Nun verrät ein skandalöser Fehlgriff der Staatsmacht immer auch etwas vom inneren Zustand derselben. Die Unverhältnismäßigkeit der Mittel offenbart augenscheinlich eine zunehmende Wagenburgmentalität in Teilen unserer Sicherheitsbehörden. Das ist kein gutes Zeichen. Denn gerade die Sicherheitsinstitutionen sind auf den Rückhalt in der Gesellschaft angewiesen. Wenn aber allenthalben Feinde und Verräter vermutet werden, dann entsteht ein vergiftetes Klima der wechselseitigen Denunziation. Die Presseberichte der vergangenen Tage über die Hintergründe der Cicero-Razzia sprechen Bände. Die Terroristen – zu deren Bekämpfung alles dienen soll – hätten ein kleines Ziel schon erreicht, wenn ihnen die innere Zersetzung unserer politischen Kultur gelänge.

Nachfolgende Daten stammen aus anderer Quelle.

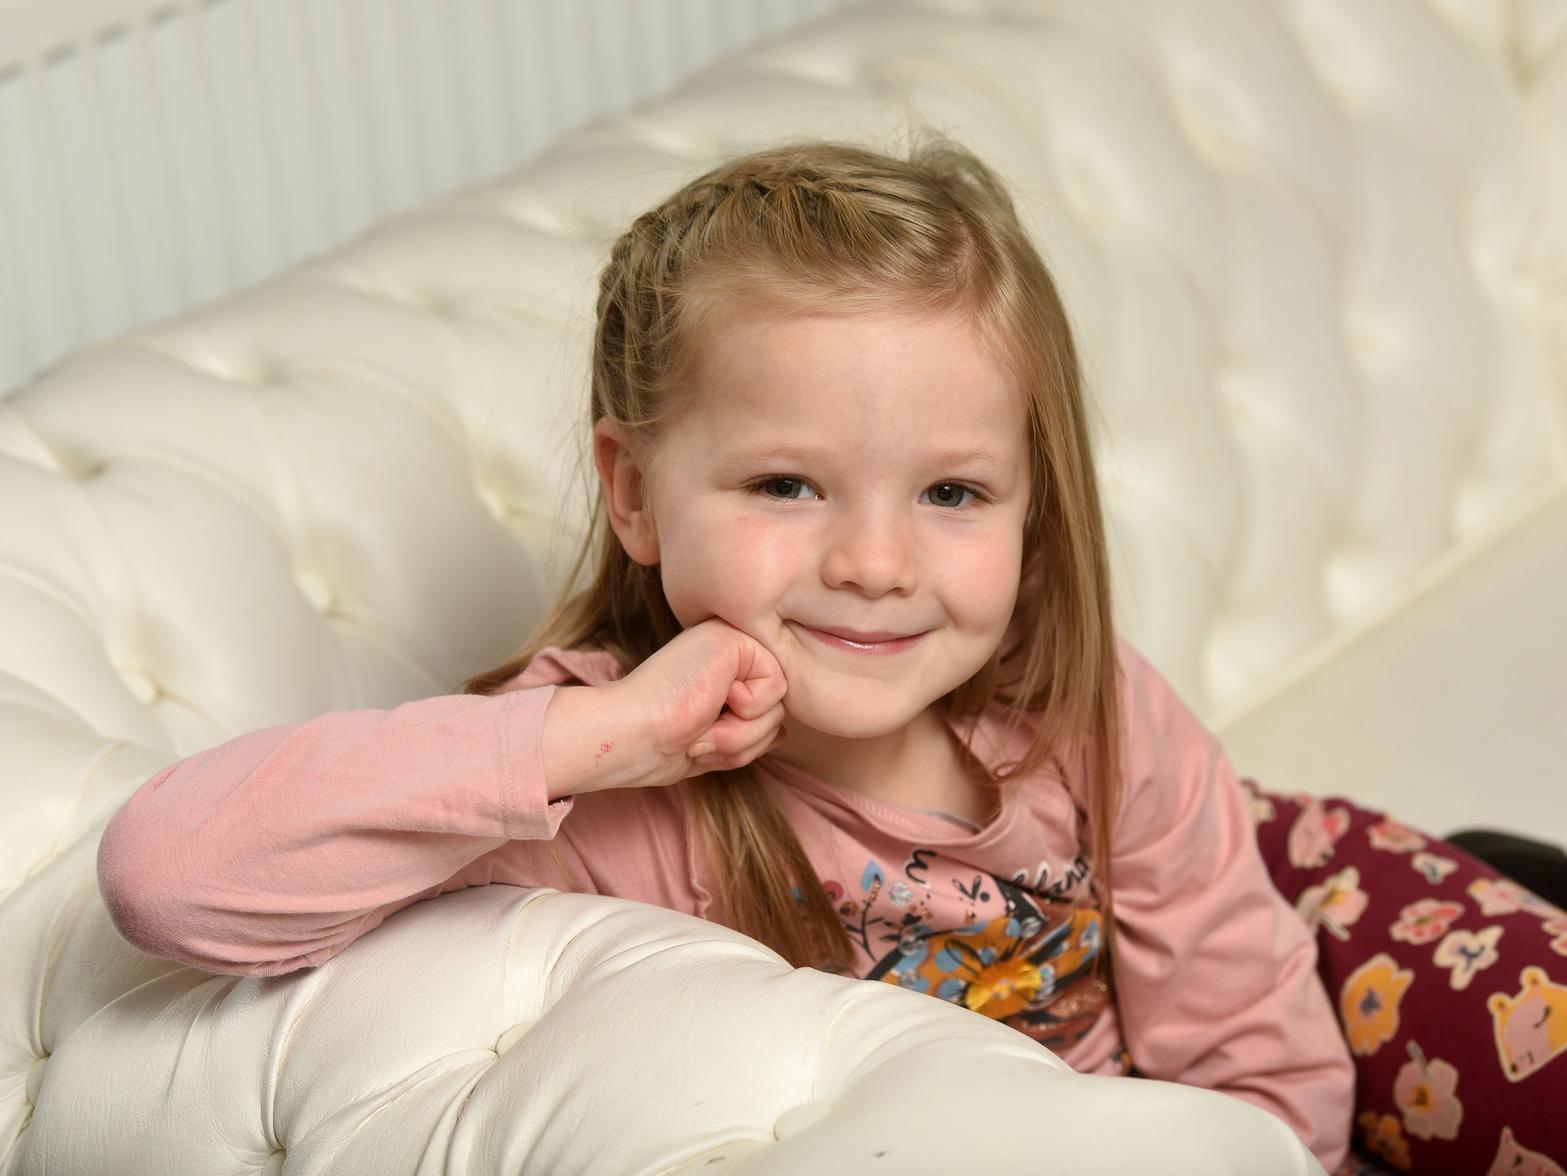 Quick-thinking Hollie Heywood, six, hit the headlines in October after saving the life a man suffering a heart attack. The youngster, from Cleveleys, saw the man in difficulty and alerted others who were able to help him just in time.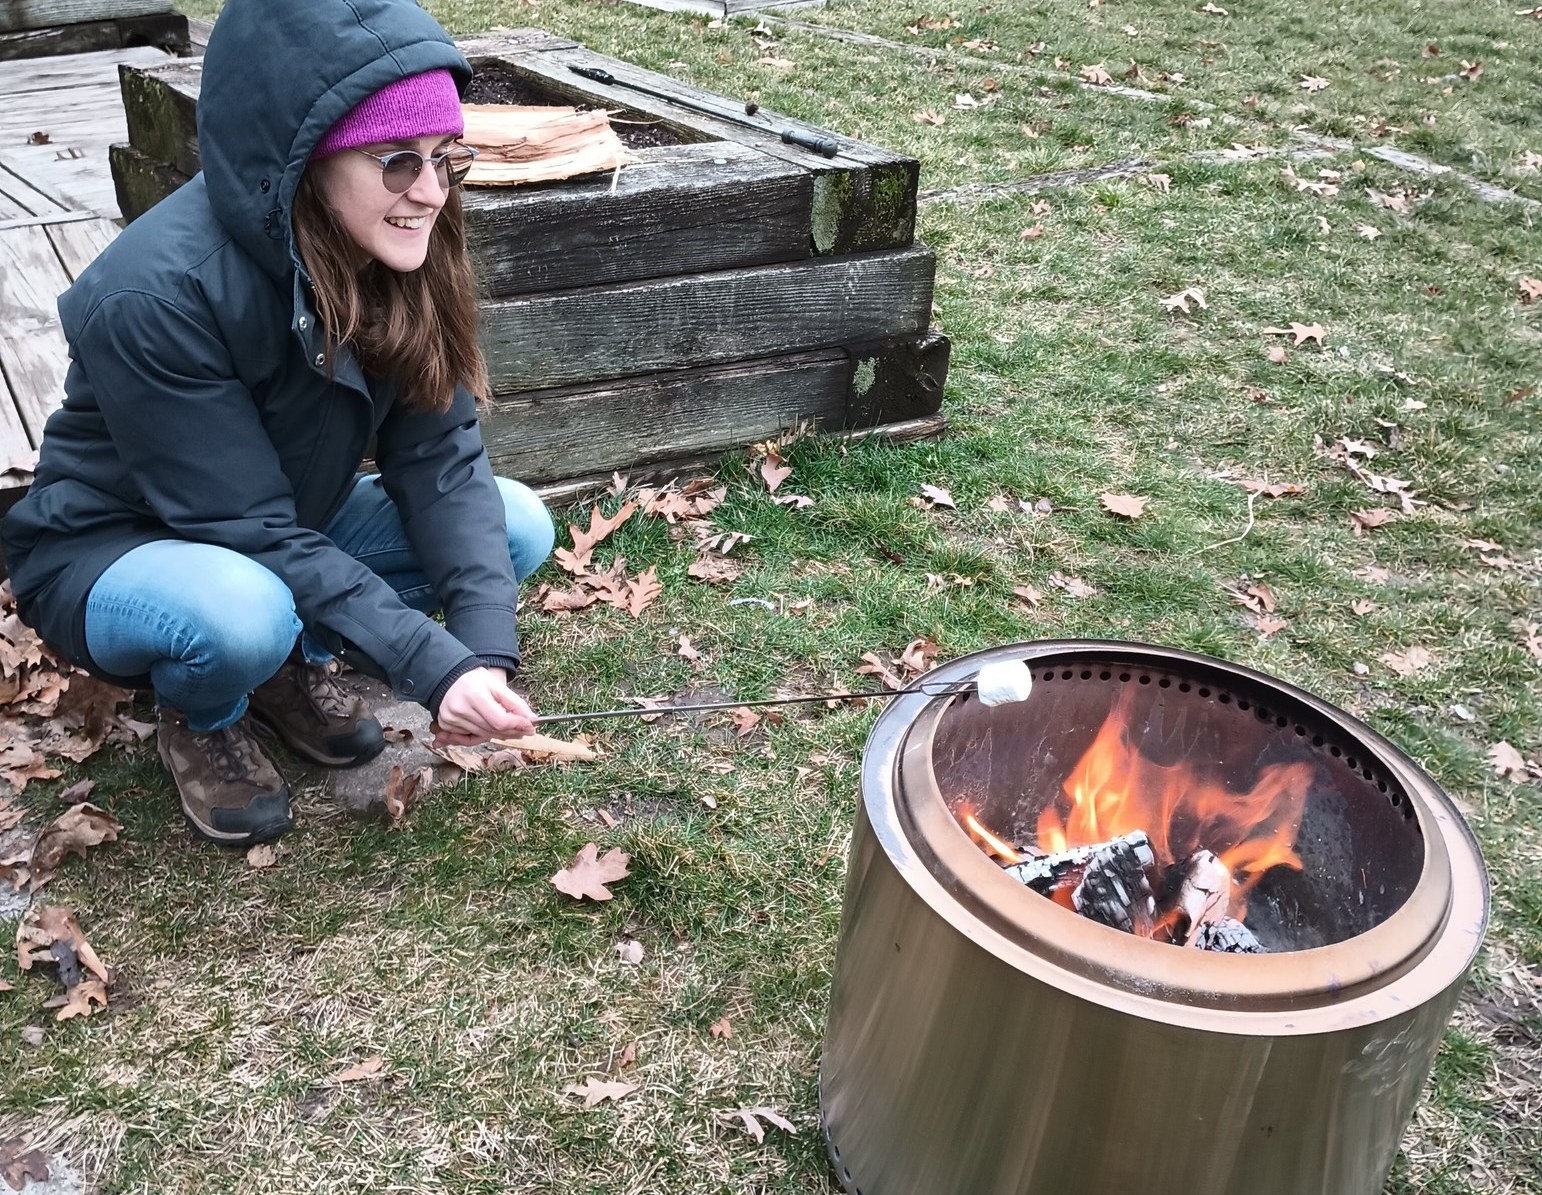 A girl with long hair, purple stocking cap, and gray coat is kneeling near a firepit, roasting a marshmellow.

Die Serie von Verletzungen der Pressefreiheit in jüngster Zeit ist damit ein Alarmsignal über die Medien hinaus. Im uralten Widerspruch zwischen Sicherheit und Freiheit droht das Pendel staatlicher Priorität zu Ungunsten der Freiheit auszuschlagen. Ob Lauschangriff oder Aufhebung des Bankgeheimnisses, ob Videoüberwachung oder genetische Datenbanken – immer gibt es gute Argumente für den Sicherheitsstaat. Das Problem ist nur, dass eine Gesellschaft dafür einen Preis bezahlt – ein Weniger an Freiheit und Bürgerrecht. Wenn aber die Kollateralschäden in der Freiheitskultur größer werden, muss man sich fragen, ob der Staat die Freiheit, die er zu verteidigen sucht, nicht selber zerstört.
Schon Benjamin Franklin warnte: „Wer Freiheiten aufgibt, um Sicherheiten zu gewinnen, verdient weder Freiheit noch Sicherheit.“ Dabei kennt jeder Gärtner das Problem, dass man, um Ungeziefer abzuhalten, seine Blumen spritzt. Nur wer zu viel spritzt, der tötet seine Blumen. Pressefreiheit ist so eine. Eine besonders zarte und schöne.